Jody Lahendro and Will Rourk are on a mission preserving black history in 3D. While both men are University of Virginia alumni with master’s degrees in architectural history, they approach the task differently. Lahendro, a former UVA Facilities Management preservation architect, applies a Stanley folding rule, producing intricate building diagrams on graph paper, noting all salient details.
Rourk, who teaches architectural preservation, arrives on a preservation site with a pickup truck of equipment and a caravan of graduate students. Together, the group makes laser scans of buildings and artifacts that are fed into a computer to create an exacting virtual model of the building, something a person can “walk through” with virtual reality goggles.
The two men are currently working to preserve a Rosenwald School in Newtown, Virginia.

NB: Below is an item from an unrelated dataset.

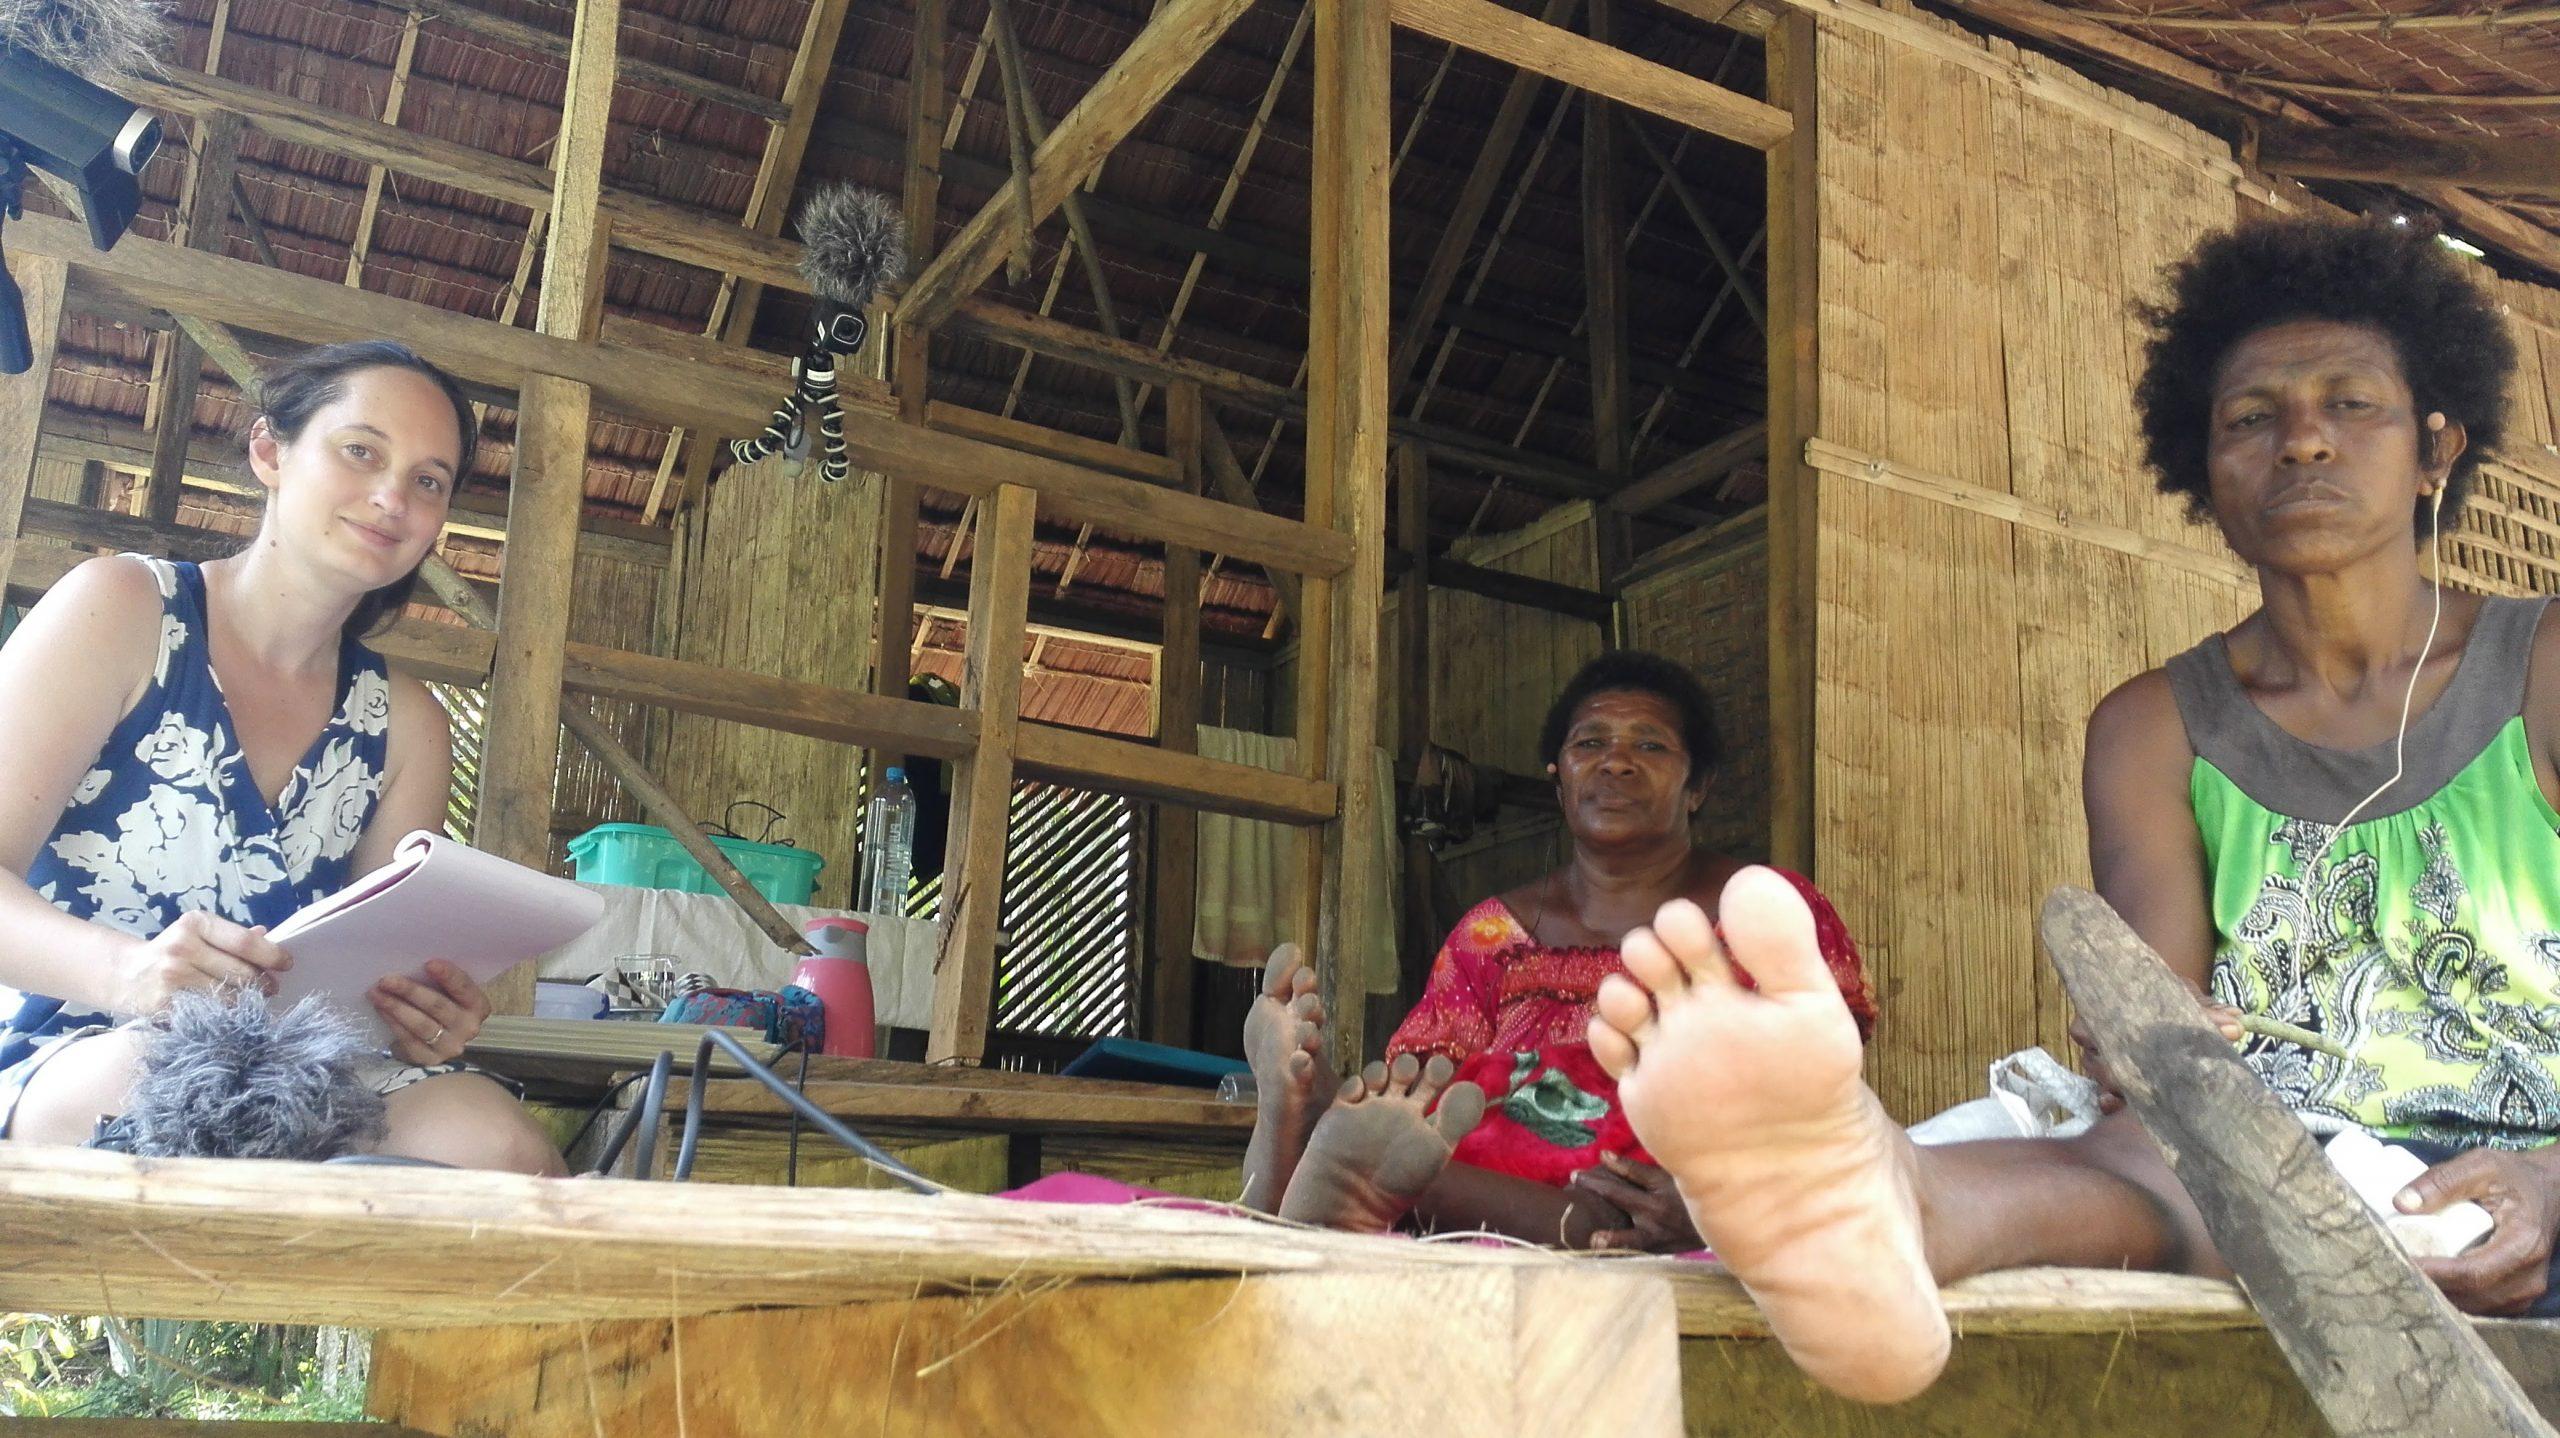 Three women sitting in in a Papuan stilt house. Danielle Barth (Left) interviews Matukar community members Rosa Kibis Dikoi (Centre) and Cathy Samun Wiliang (Right). Photo by Jillian Forepiso

Rosenwald Schools originated in 1912 through a partnership between Booker T. Washington, then president of the Tuskegee Institute, who recognized the educational needs of rural African Americans; and Julius Rosenwald, the president of Sears & Roebuck at the time, who provided the seed money. The buildings, dedicated to educating African American students, followed a template for one-, two- and three-teacher schools, with simple yet elegant utilitarian designs.
“The community had to put up approximately a third of the funds for getting the schools built,” Lahendro said. “The state had to put up another third, and then Rosenwald put up a third.”
Albemarle County was once home to seven Rosenwald Schools. Two were demolished; three were converted into houses and drastically renovated. The St. John’s Rosenwald School in Cobham has been converted into a community center, a project Lahendro and Rourk worked on. The final one in Albemarle County is a jewel: the Newtown Rosenwald School, built in 1926, located in the western part of the county.